Information retrieval involves the automatic indexing and retrieval of information in some shape or form. Automated classification and analysis techniques are a must considering the volume of human generated data that can be obtained from social networks. Most of the popular search engines use techniques like term frequency weighting approaches to extract important terms out of documents and vector space approaches to rank the results according to their relevance.42 tf–idf weighting is a method to calculate the relevance of a term according to a document. The measure assumes that the importance of a term in a document corresponds to the number of appearances in this document as well in all documents of the whole corpus. A term is more important than another if the term has more occurrences in the document than another. The term frequency is combined with the inverse of the document frequency by multiplication. This allows common non-contextual words to be eliminated. Such information may be complemented with part-of-speech information using algorithms that associate terms with descriptive tags representing their relationship to other adjacent terms (eg verbs, nouns, adjectives, etc). In this way, a document, such as a conversation, wall post or other can be represented by or classified according to the identified main themes and topics that emerge.

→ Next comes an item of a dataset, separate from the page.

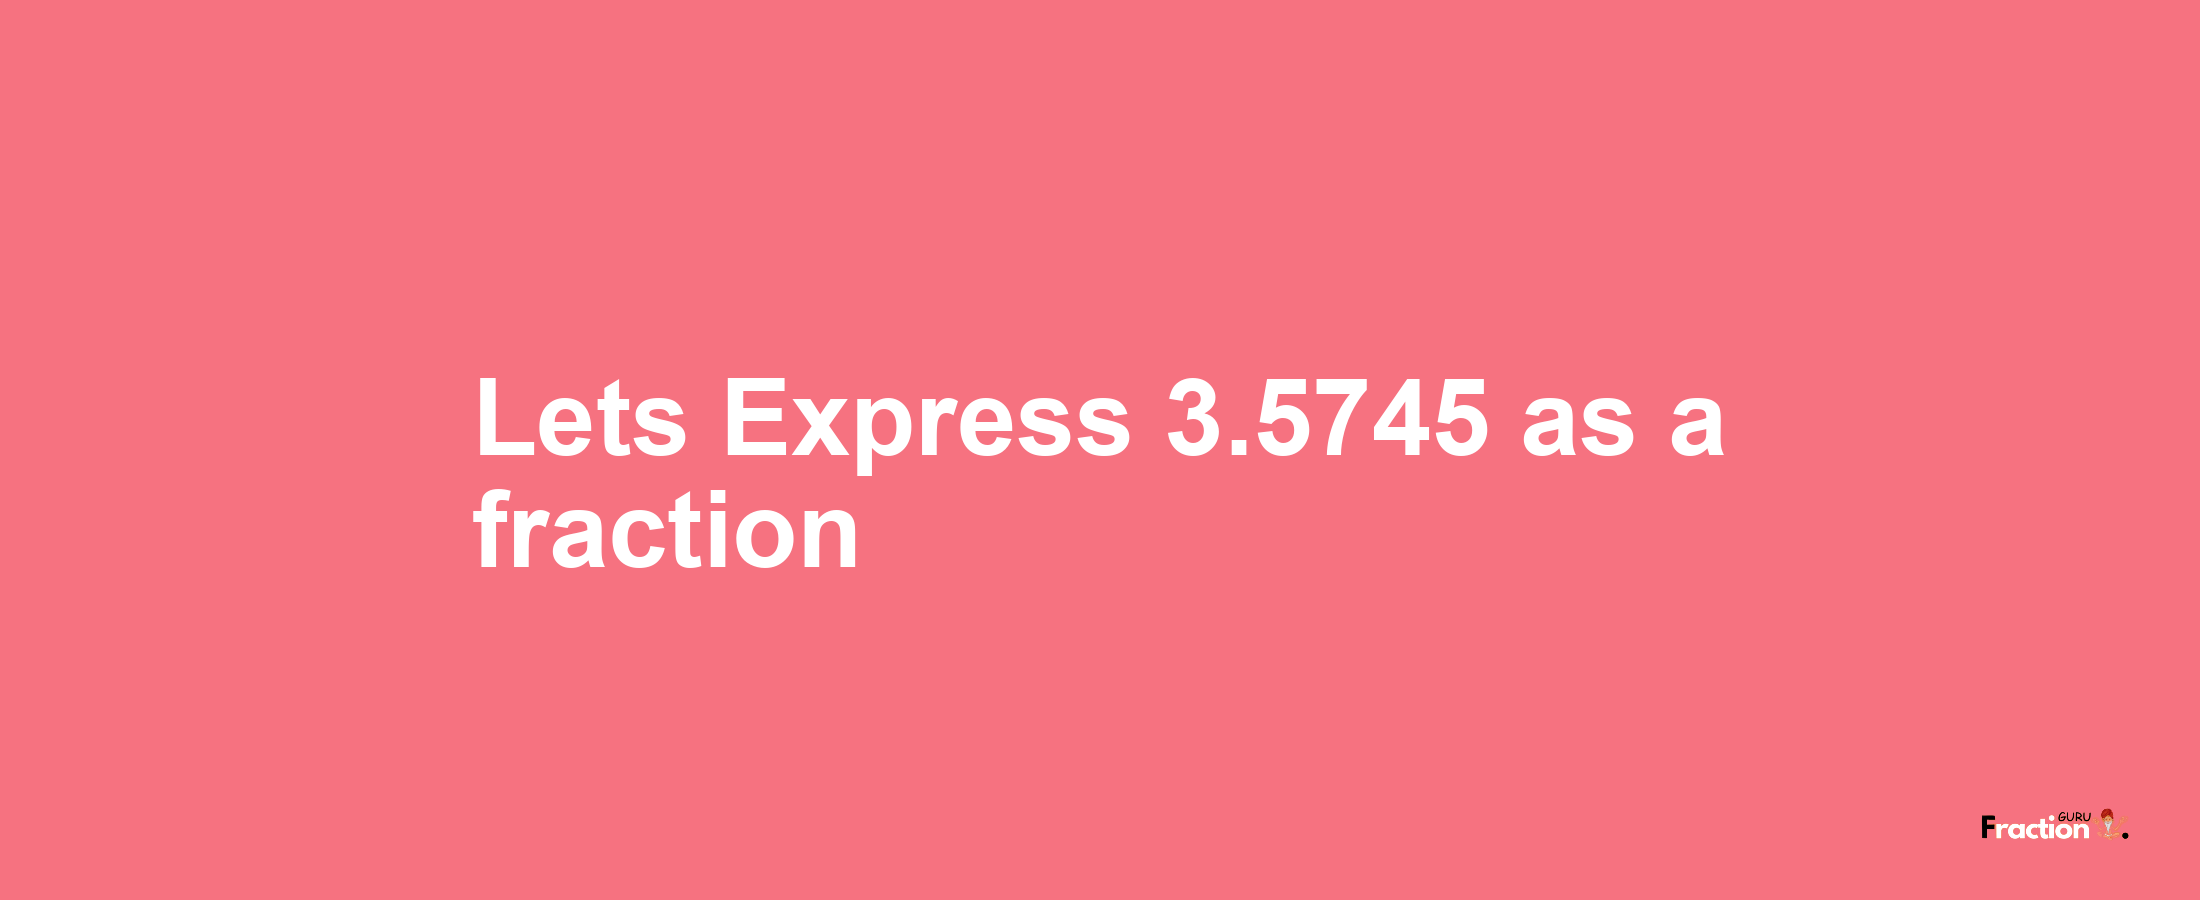 Lets Express 3.5745 as afraction

Opinion mining and sentiment analysis build on similar concepts,43 though are less concerned with the topic or factual content in it, but rather with the opinion expressed in a document. While issues such as subjectivity and viewpoints all come into play, opinion classification is usually framed as a two-way classification of positive and negative sentiment, which can then be applied at different levels: phrases, sentences, documents and collections of documents. Most sentiment analysis algorithms fall into two types, sentiment-lexicon-based algorithms and machine learning-based algorithms. Sentiment-lexicon-based algorithms construct functions based on features provided by sentiment lexicon such as term positive scores to calculate the polarity of the tested review. Machine learning-based algorithms typically include support vector machines:44 these rely on training data labelled with sentiment values, which can take into account sentiment lexicon features to direct the support vector machines.45 It should be stated that such approaches have been used to track a wider range of moods beyond the usual binary approach to positive and negative sentiment (eg calm, alert, sure, vital, kind and happy).46

Beyond automated language analysis, several pieces of work have looked at pulling data in various forms (eg pictures) from social media networks to obtain insights into what draws response from a user community. White47 examines for example travel images on Facebook surrounding tourism encounters to draw conclusions on which particular shots proved more popular in order to influence travel photography.

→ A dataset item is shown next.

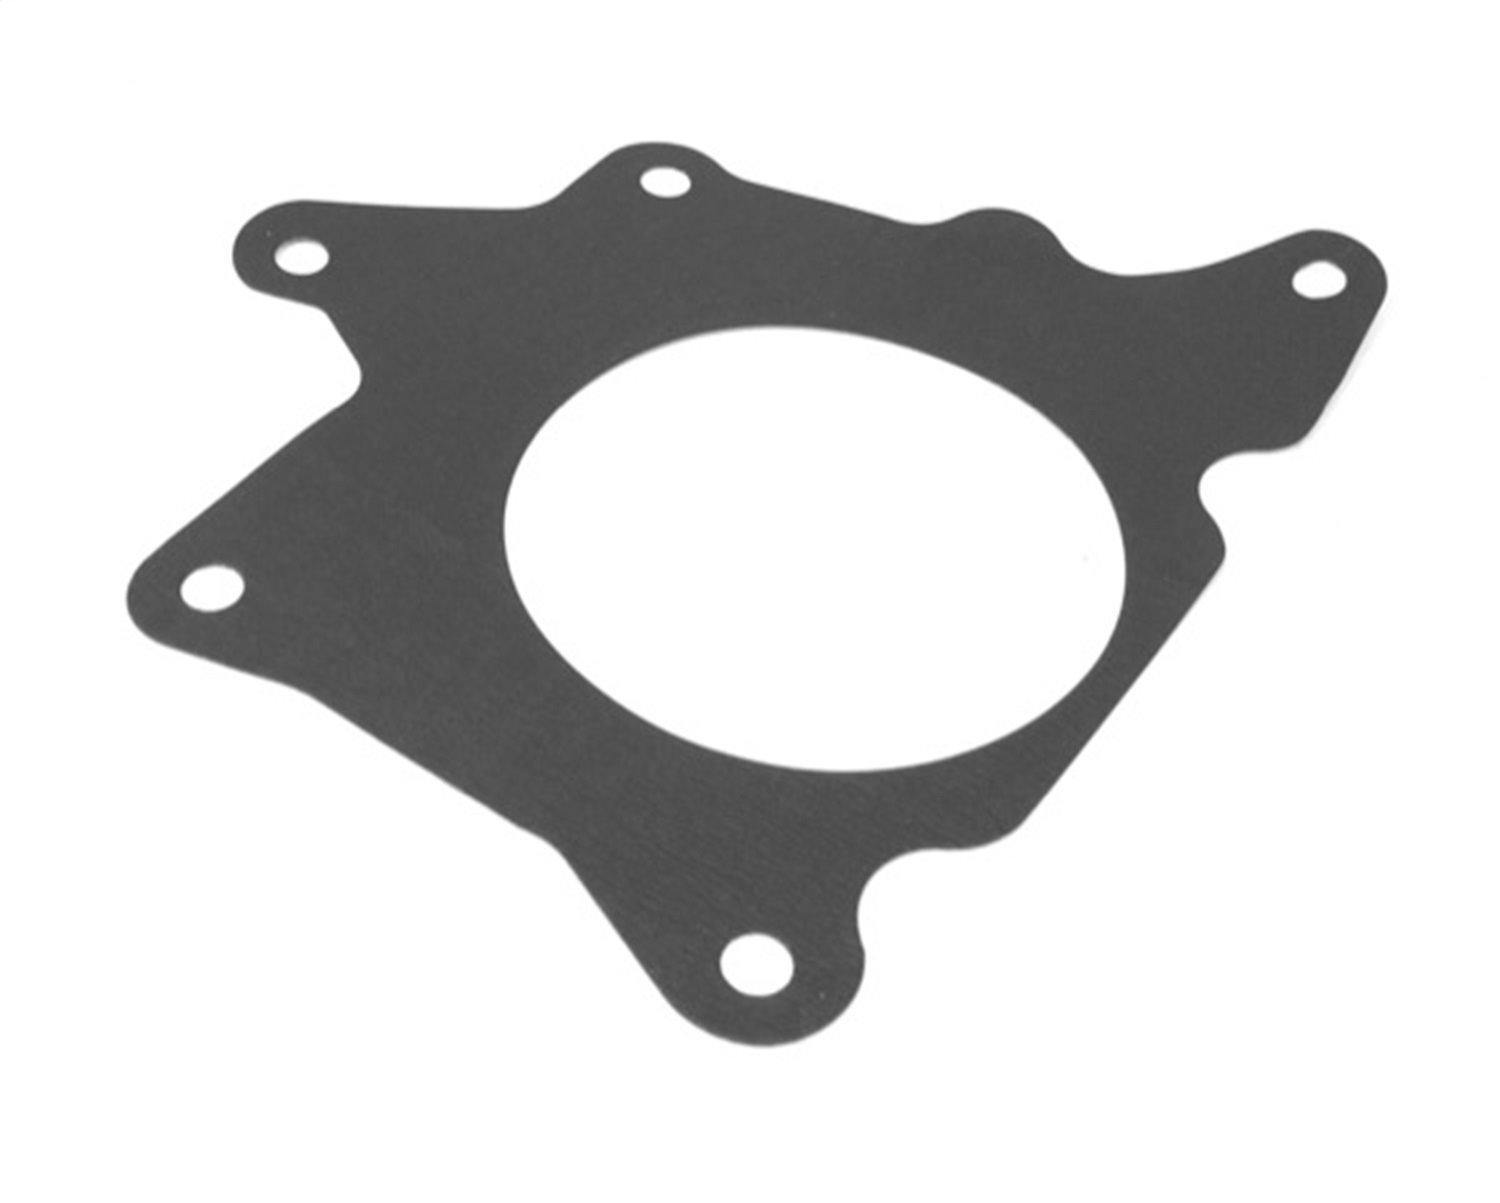 This transfer case gasket from Omix-ADA mates the transfer case to a T-18 transmission on 67-71 Jeep

Though this may touch upon a wide range of fields (socio linguistics, psychology, etc), we focus here on that most relevant to social networks.

Relevant research Greetham et al.48 examine the spread of positive and negative effect in social networks, in an experiment involving 100 university students logging all interactions with peers and their general positive and negative affect. An analysis of network dynamics based on a stochastic actor-based model concludes that a relationship exists between better health, greater negative affect and a greater number of interactions.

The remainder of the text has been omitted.